- Location of Rock Creek Township in Carroll County
- Coordinates: 40°39′51″N 86°35′09″W﻿ / ﻿40.66417°N 86.58583°W
- Country: United States
- State: Indiana
- County: Carroll

Government
- • Type: Indiana township

Area
- • Total: 13.79 sq mi (35.7 km^{2})
- • Land: 13.5 sq mi (35 km^{2})
- • Water: 0.29 sq mi (0.75 km^{2})
- Elevation: 646 ft (197 m)

Population (2020)
- • Total: 447
- • Density: 33.1/sq mi (12.8/km^{2})
- FIPS code: 18-65268
- GNIS feature ID: 453809

= Rock Creek Township, Carroll County, Indiana =

Township in Indiana, United States

Rock Creek Township is one of fourteen townships in Carroll County, Indiana. As of the 2020 census, its population was 447 (down from 475 at 2010) and it contained 186 housing units.

==History==
Rock Creek Township was organized in 1828.

District School No. 3 at Rockfield was listed on the National Register of Historic Places in 1988.

==Geography==
According to the 2010 census, the township has a total area of 13.79 sqmi, of which 13.5 sqmi (or 97.90%) is land and 0.29 sqmi (or 2.10%) is water.
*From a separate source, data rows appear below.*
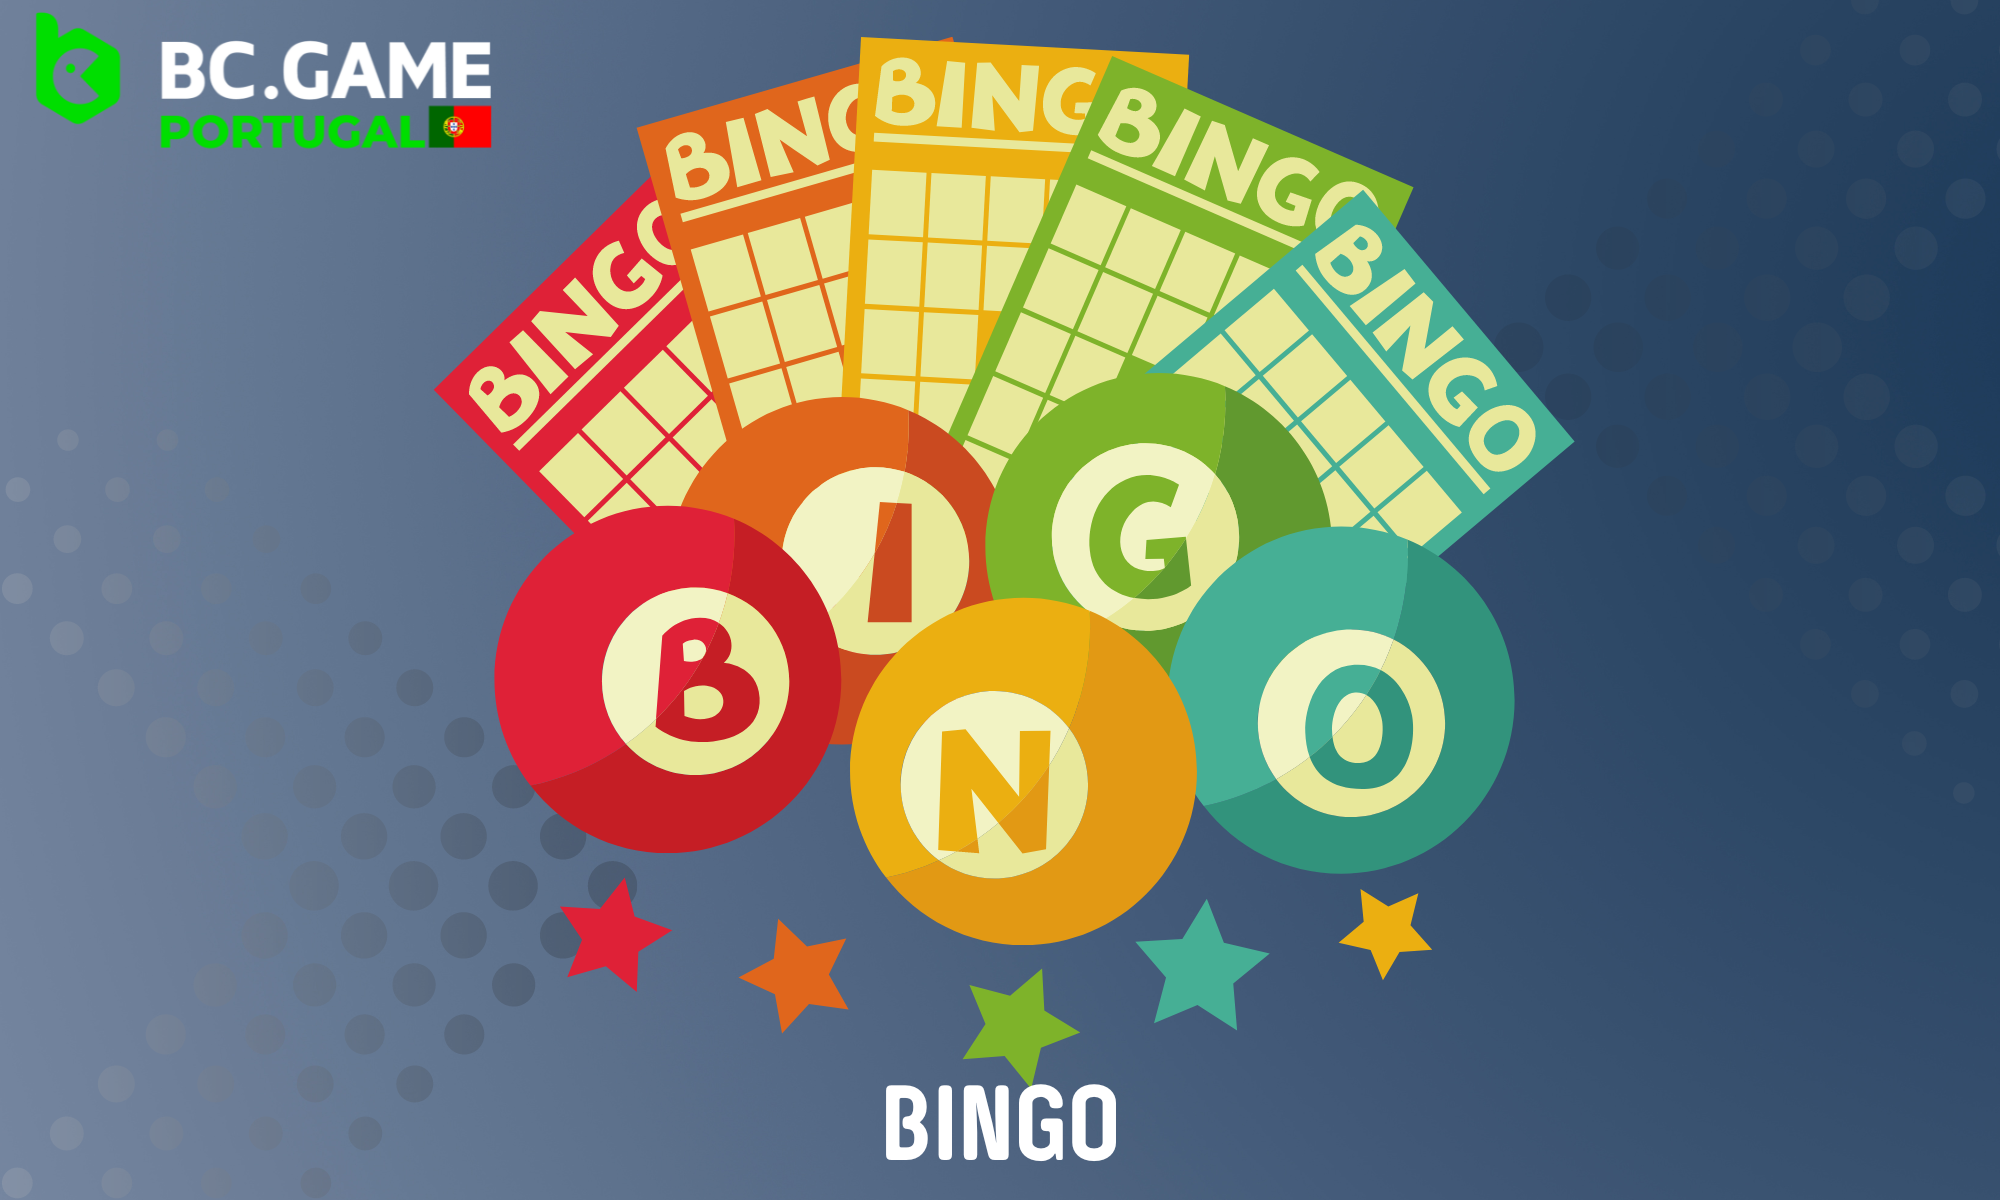 Lista dos jogos de bingo mais populares disponíveis na BC Game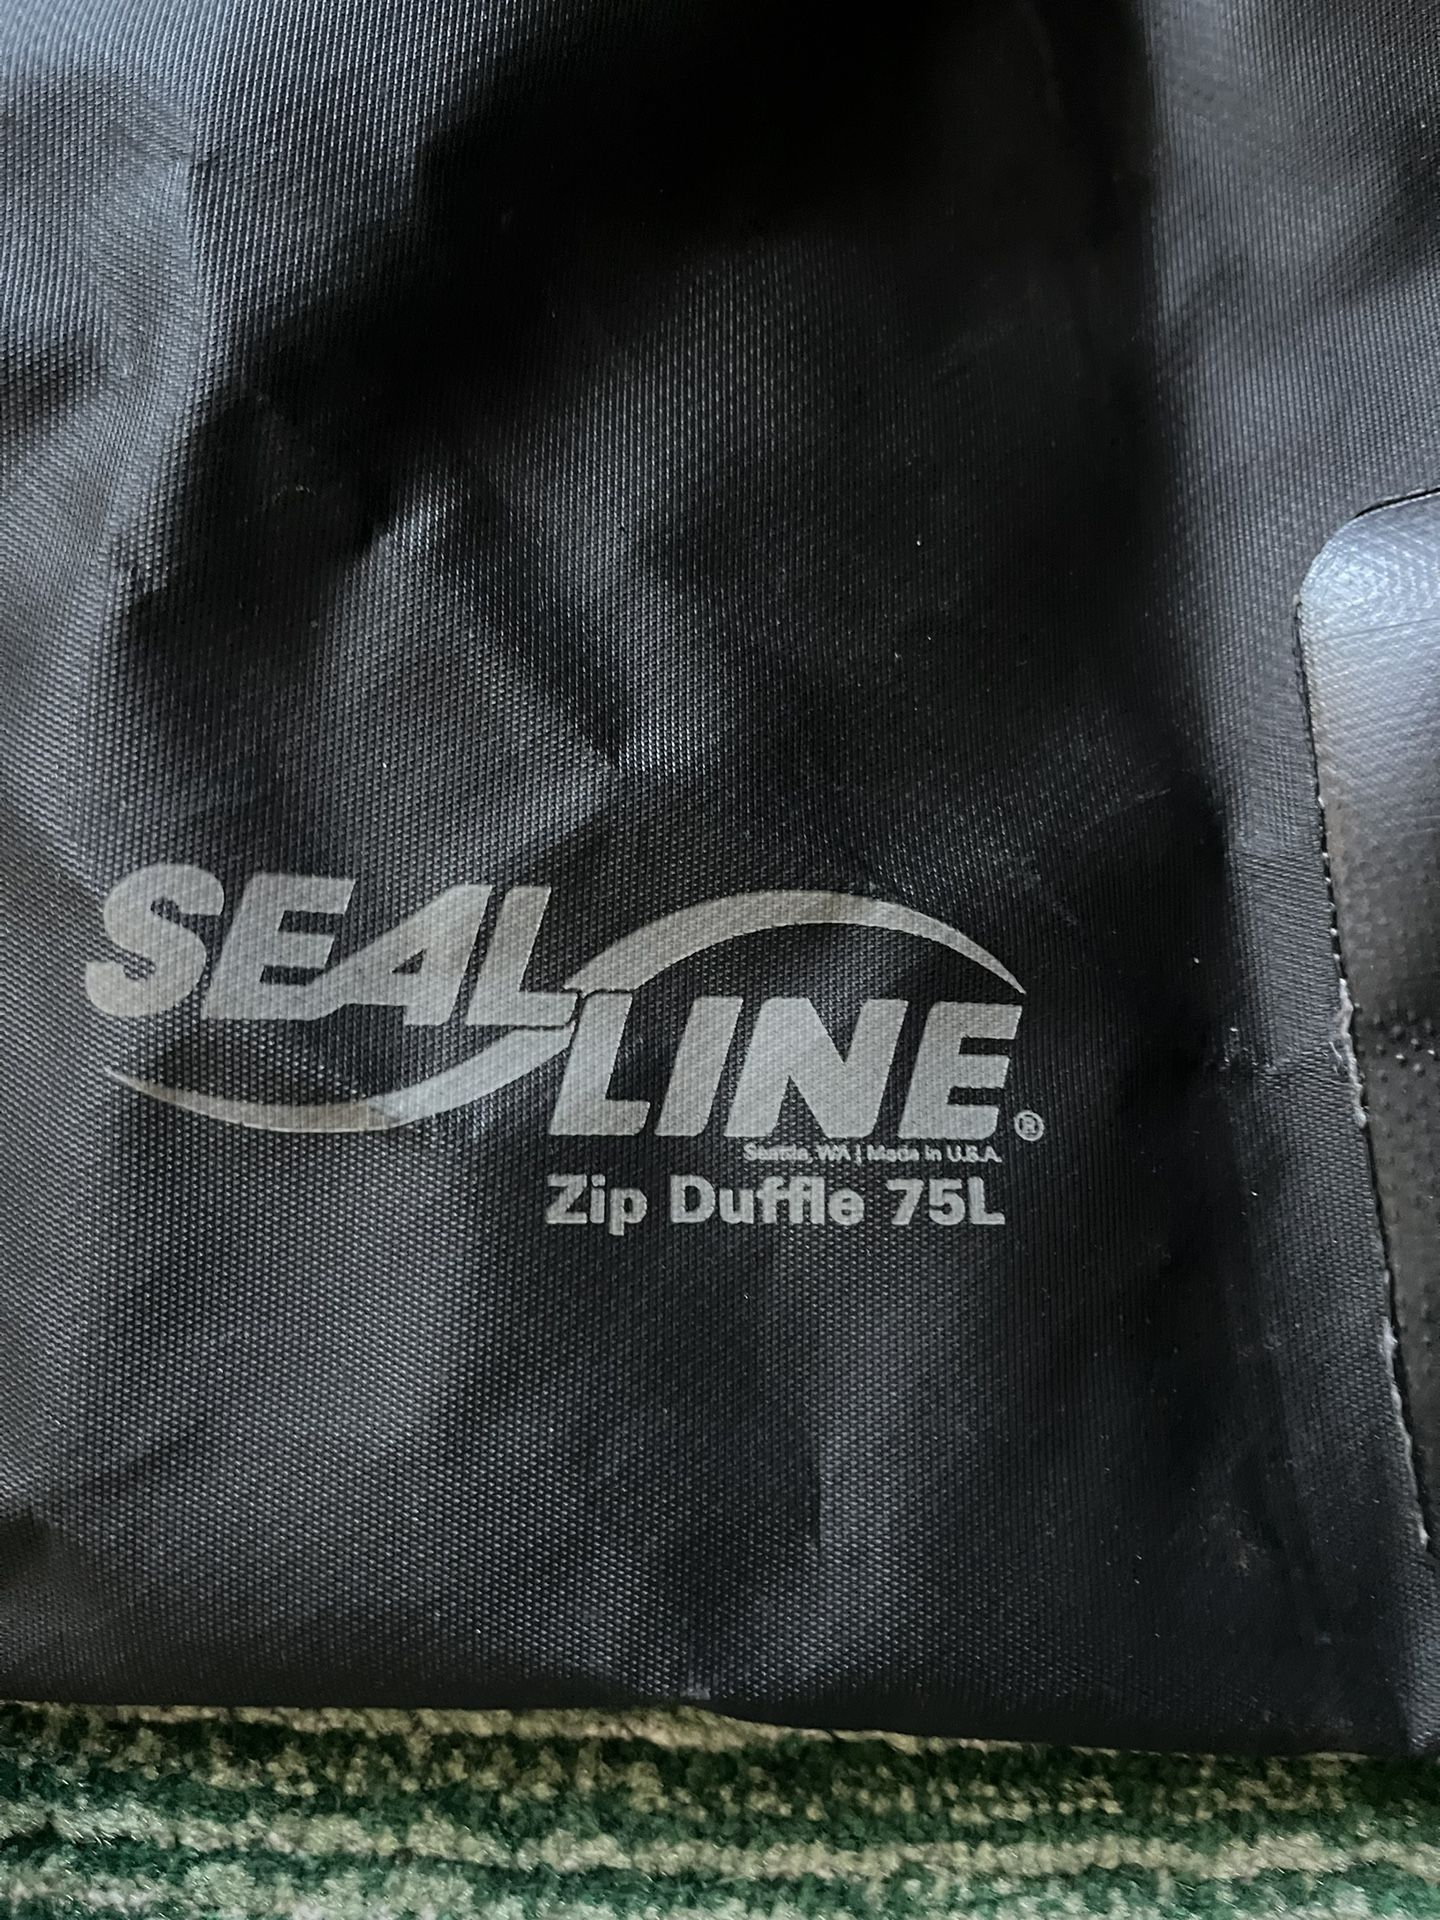 Seal-line Watertight Duffle Bag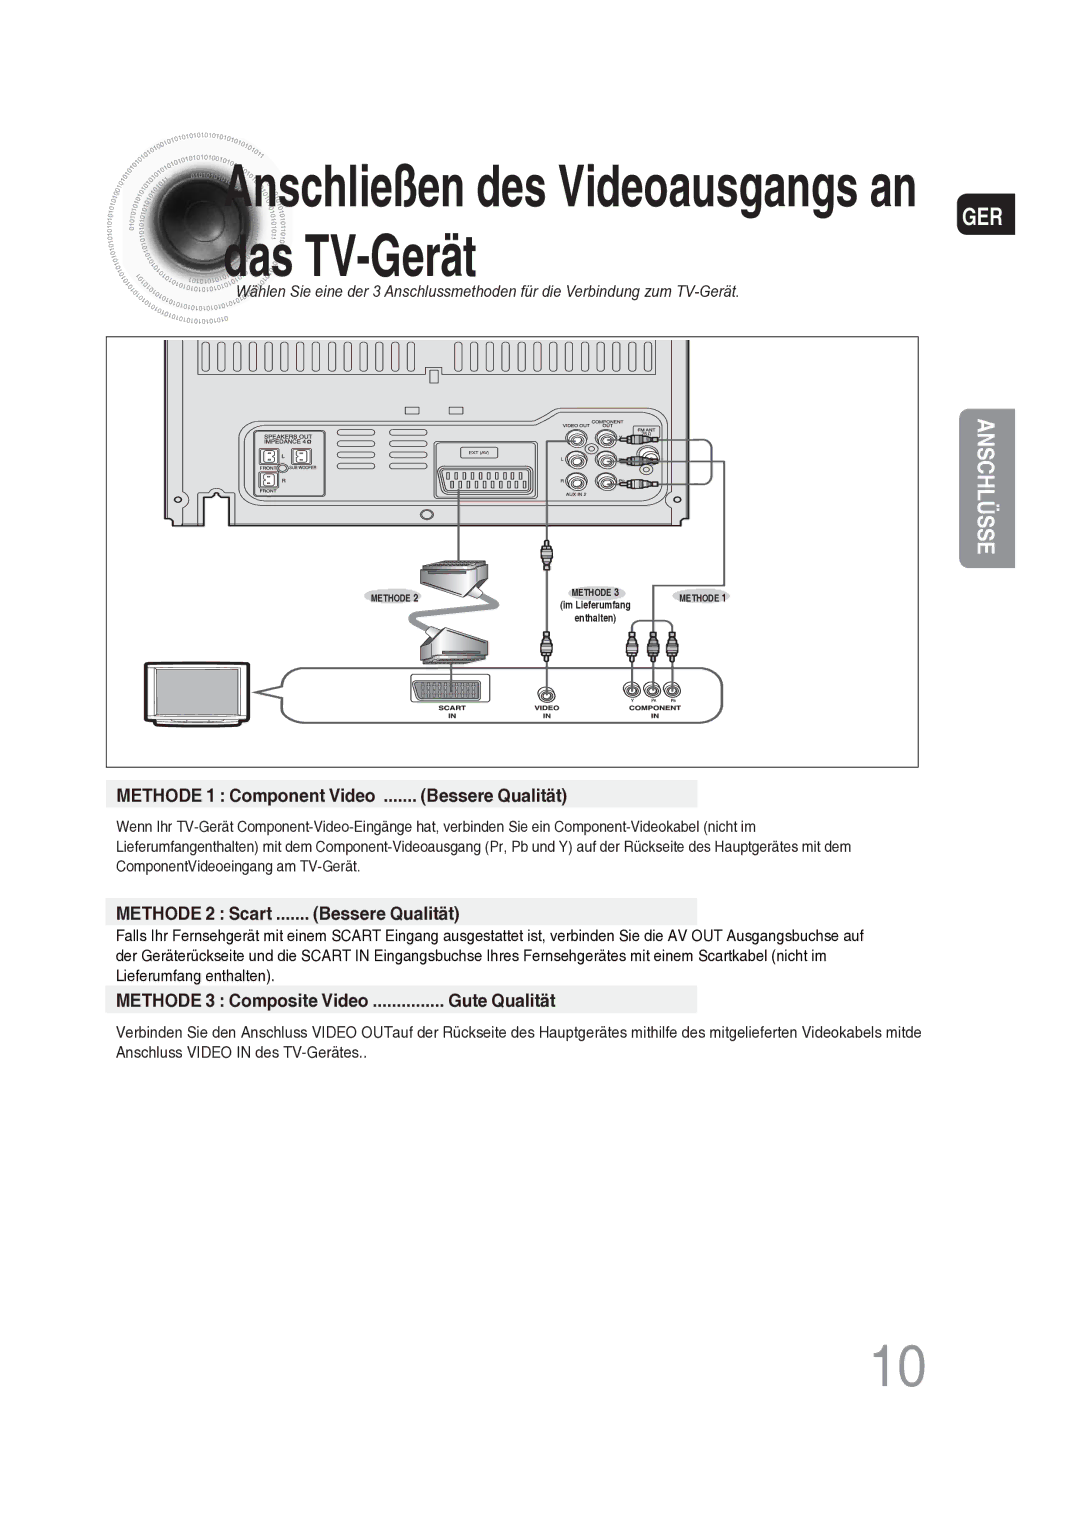 Samsung MAX-DG56R/EDC manual Das TV-Gerät, Methode 1 Component Video Bessere Qualität, Methode 2 Scart Bessere Qualität 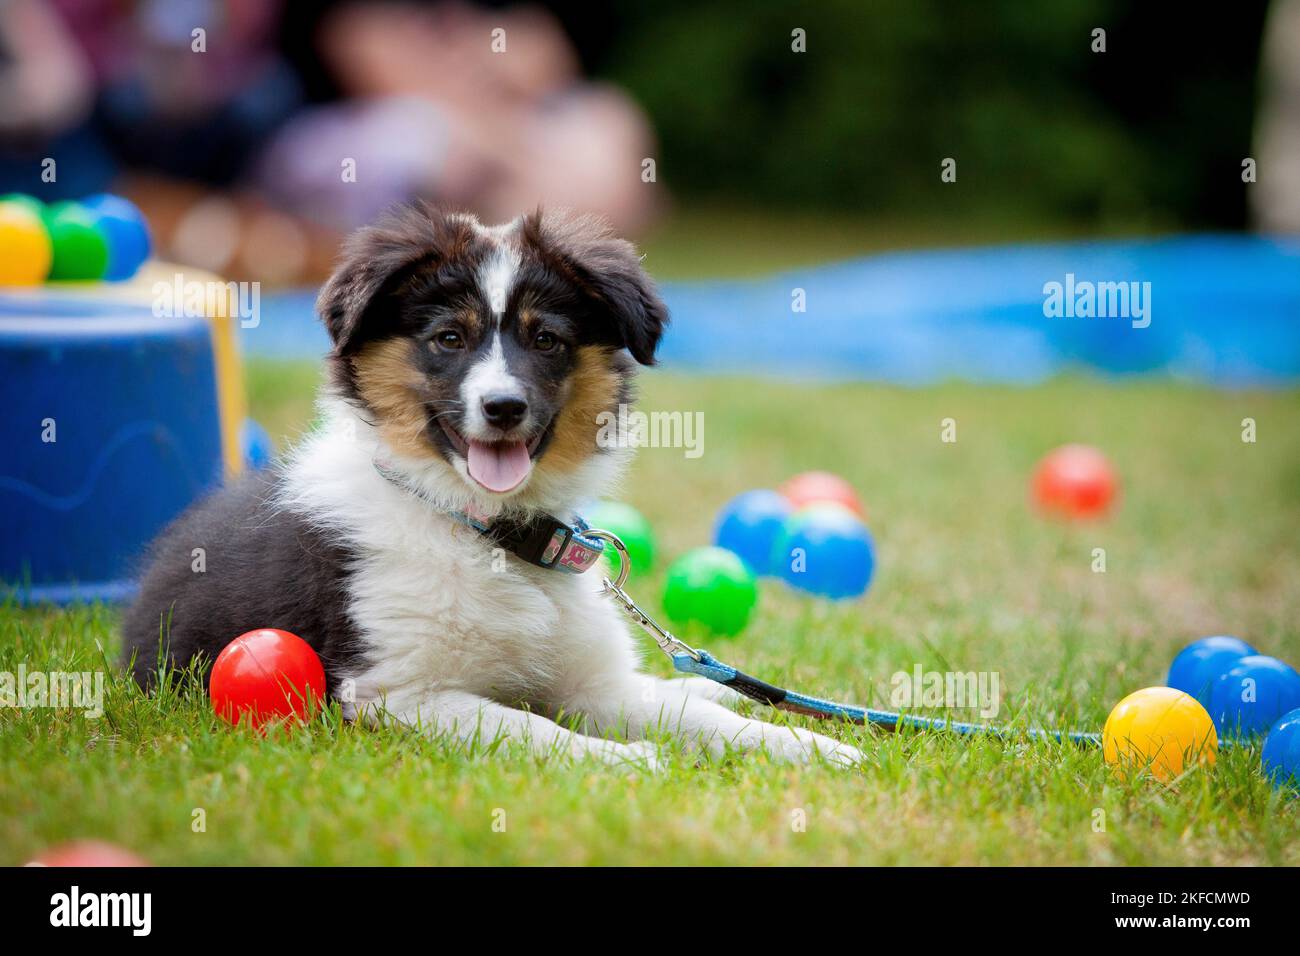 dog obedience school Stock Photo - Alamy

===Unincorporated towns===
- Rockfield

===Adjacent townships===
- Liberty (east)
- Jackson (southeast)
- Deer Creek (southwest)
- Tippecanoe (west)
- Adams (northwest)

===Major highways===
- Indiana State Road 25

===Cemeteries===
The township contains four cemeteries: Brown, Independent Order of Odd Fellows, Mullendore and Parks.

==Education==
Rock Creek Township residents may obtain a library card at the Delphi Public Library in Delphi.